Fiction Forge Indy
Welcome to Fiction Forge Indy! We are a group of four writers in Indianapolis that love to talk about anything that has to do with writing. We all met at the Indiana Writers Center and come from four very different backgrounds with interests in Fantasy, Mystery, Humor, Romance, and Historical Fiction. Prepare to be informed and entertained! Oh --and by the way, we hope you share your thoughts on the craft of writing, too.
Monday, September 23, 2024
Hollywood's Bloated Ending Problem--a quick Romulus note
Sunday, September 1, 2024
Romulus?
I wrote a couple of blogs about Aliens.
Revisting this because Nick and I just went to see Alien: Romulus.

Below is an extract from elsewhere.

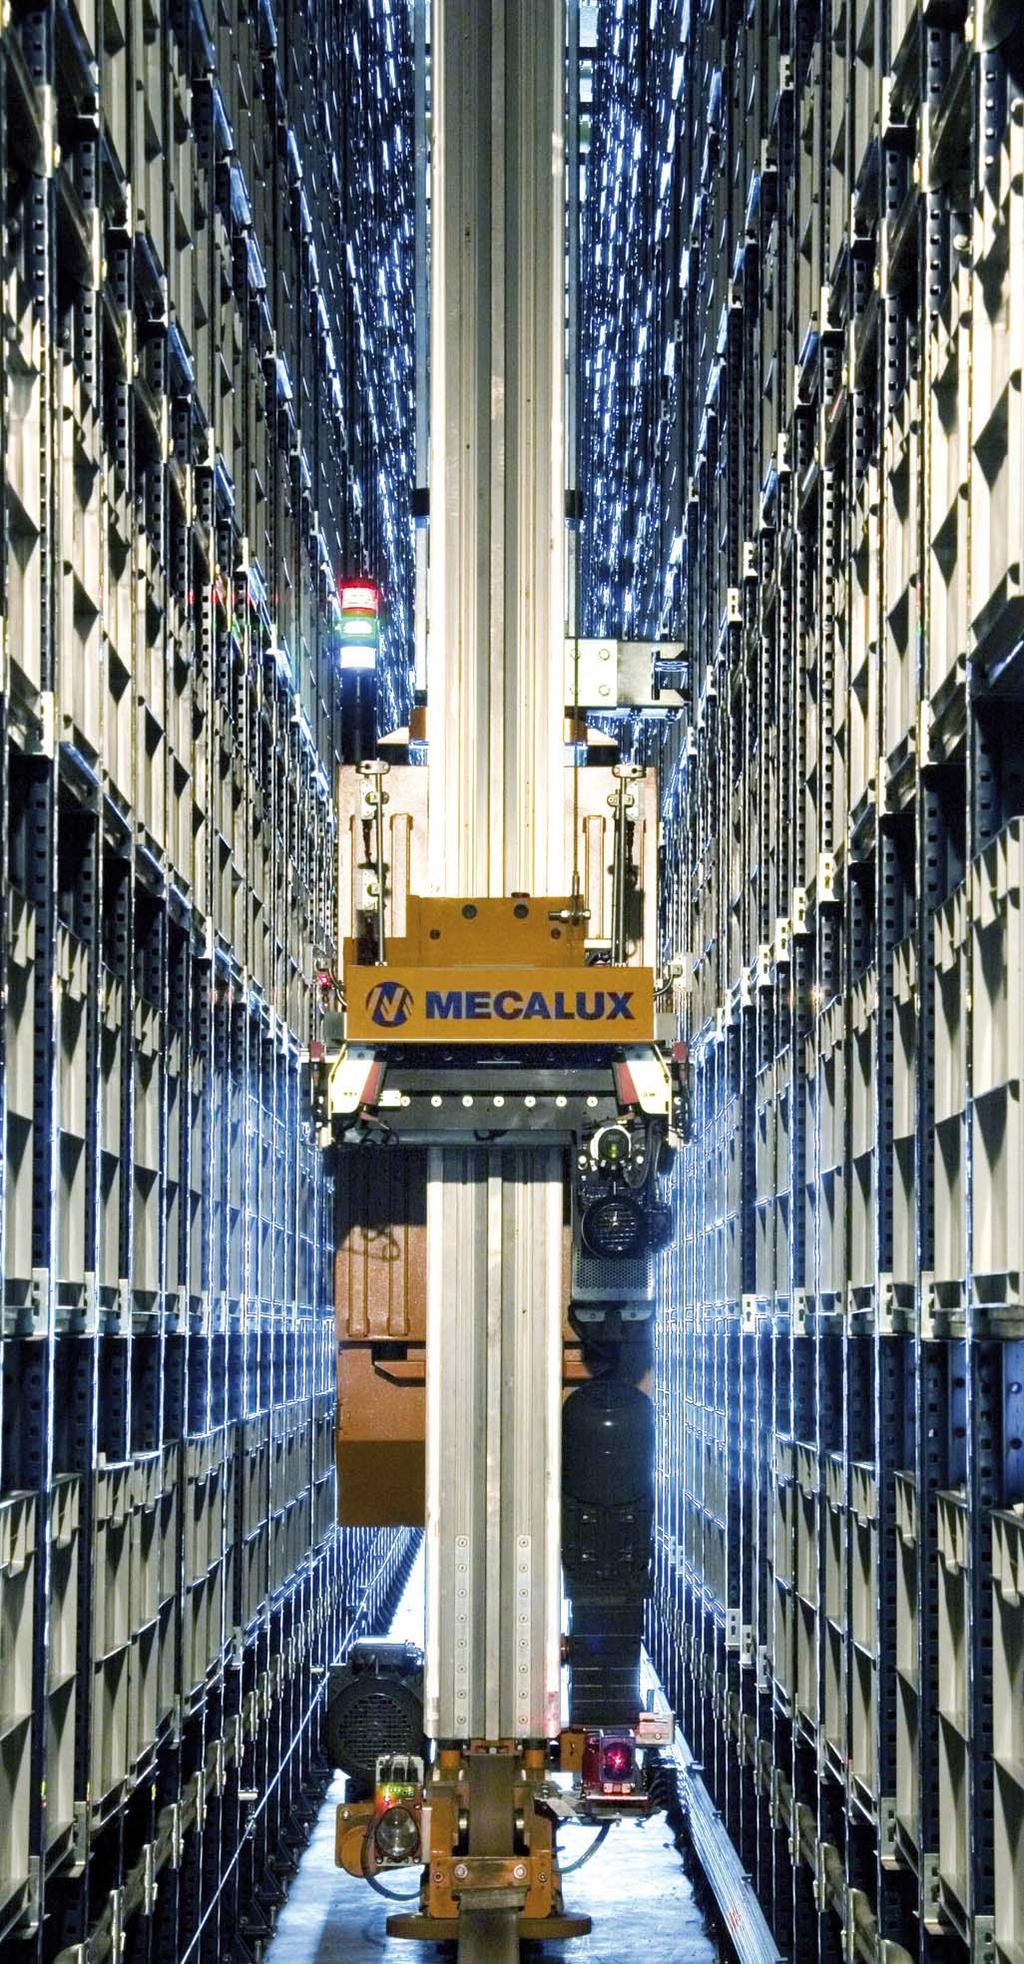 No Cotizadas MECALUX Descripción de la compañía Mecalux es una de las empresas líderes en el mercado de sistemas de almacenaje a nivel mundial.

The Frankenstein theme and ideology that ripples through our culture fascinates me. I think Jurassic Park stated this well:
Ahh. Jeff Goldblum.
Sure, Jurassic Park, Terminator, and Aliens explore this driving passion: man creates a monster that can destroy him.
One of the wonderful ways that the Alien movies does this is in the dual monsters. Certainly, and perhaps most obviously, man created the aliens (or develops them). The aliens continue to become more demonic and more terrible, evolving into plagues that infect humans.
But the other monsters that the Alien movies use are the synthetics. This is such a lovely tension: the synthetics in the movies have cloaked motives and desires, and in the most recent movies (Prometheus and Covenant), some synthetics are almost as monstrous and horrible as the aliens--of course, in much different ways. The synthetics have incredible characters and tension.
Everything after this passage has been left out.